Define and apply Gmail user segments
Company: Google
Role: Data Scientist
Category: Analytics & Experimentation
Difficulty: hard
Interview Round: Technical Screen
##### Question
Gmail wants to create actionable user segments to drive both product improvements and marketing/lifecycle outcomes. Propose a segmentation scheme and show how it would be built, validated, used, and measured.
1. **Propose actionable segmentation axes.** Define a small set of segments as rules you can compute from logs (e.g., daily active senders, newsletter-heavy consumers, attachment-heavy users, mobile-only users, power users, workplace vs. personal domains, frequent spam reporters, lifecycle/recency stage, engagement depth, mailbox state, storage utilization, feature adoption, and security posture). For each, give a concrete, computable definition.
2. **Validate stability and separability over ~8 weeks.** Show how you would confirm that segments are stable week-over-week and meaningfully distinct from one another.

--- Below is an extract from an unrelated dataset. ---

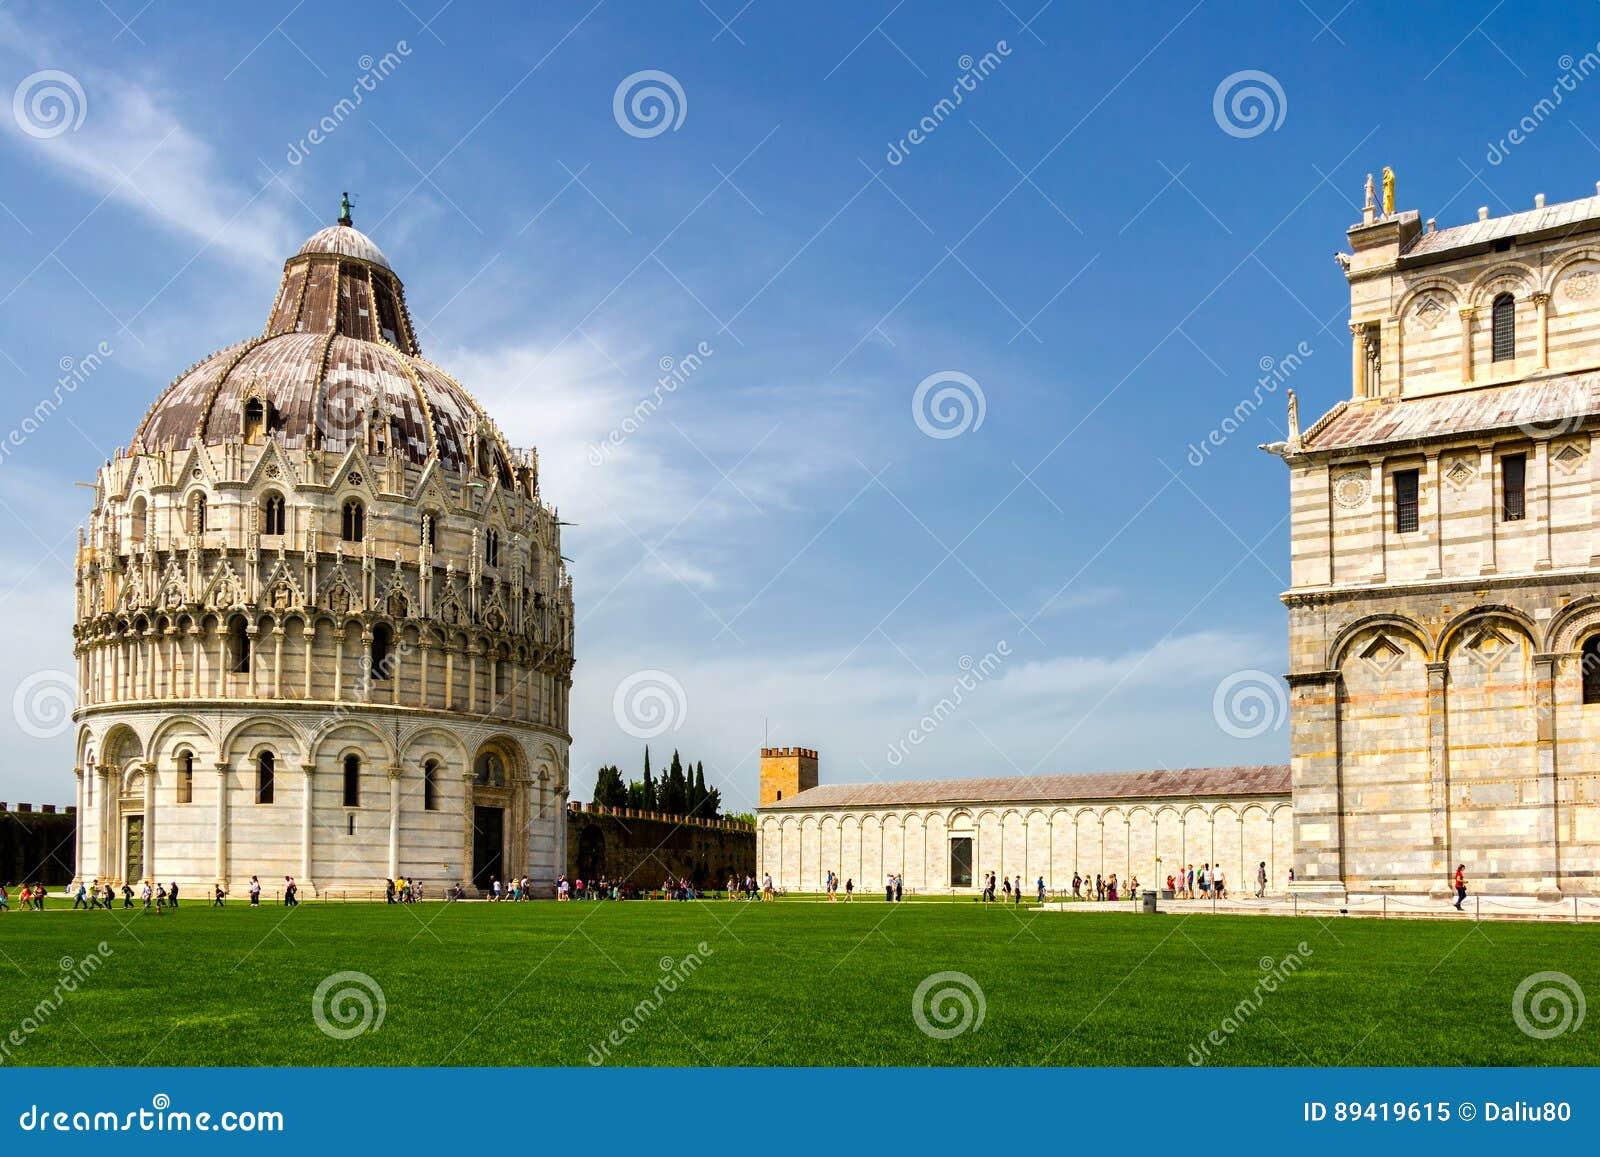 Καθεδρικός ναός της Πίζας (Di Πίζα Duomo) με τον κλίνοντας πύργο της Πίζας επάνω
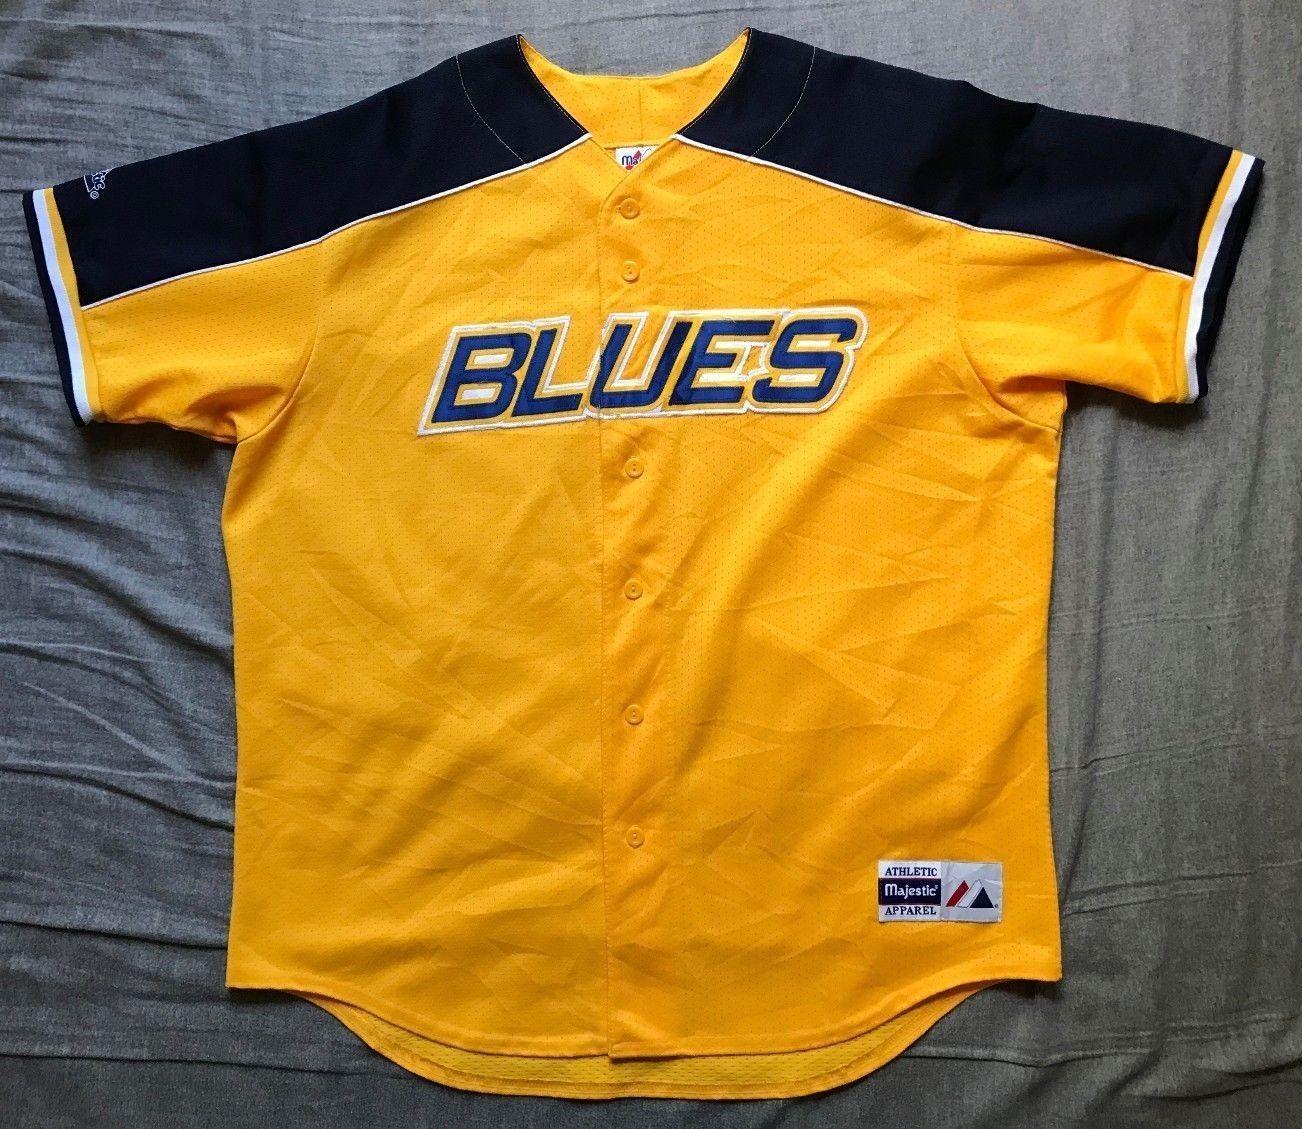 3ec540bf30d ... mens majestic nhl st louis blues baseball jersey size xl

3. **Choose three segments and design targeted interventions.** For each chosen segment, propose specific product and/or lifecycle-marketing interventions (e.g., Smart Compose/autocomplete tuning, faster attachment upload, bulk-unsubscribe UX, inbox cleanup, storage upsell, security checkup), with primary success metrics and guardrails.
4. **Design the experiment to measure lift vs. the global average.** Cover assignment/randomization, analysis of heterogeneous effects, and how you handle small segments via k-anonymity thresholds and differential-privacy noise to mitigate privacy and fairness risks.
5. **Connect segments to lifecycle messaging and roadmap prioritization.** Explain how the segments inform onboarding/activation/win-back messaging and how you would prioritize the resulting feature/intervention backlog.
##### Constraints
Use only behavioral metadata (sessions, sends, opens, searches, label/filter edits), device, settings, and aggregate mailbox state. Do **not** use email content, and do not infer sensitive attributes; respect opt-outs and admin policies for managed (Workspace/education) accounts.
Quick Answer: A Google data scientist analytics screen: propose actionable Gmail user segments from behavioral metadata, validate their stability and separability over eight weeks, design targeted interventions with metrics and guardrails, and run a privacy-aware experiment to measure per-segment lift. Covers segmentation axes, validation metrics, k-anonymity and differential privacy, CUPED, and RICE roadmap prioritization.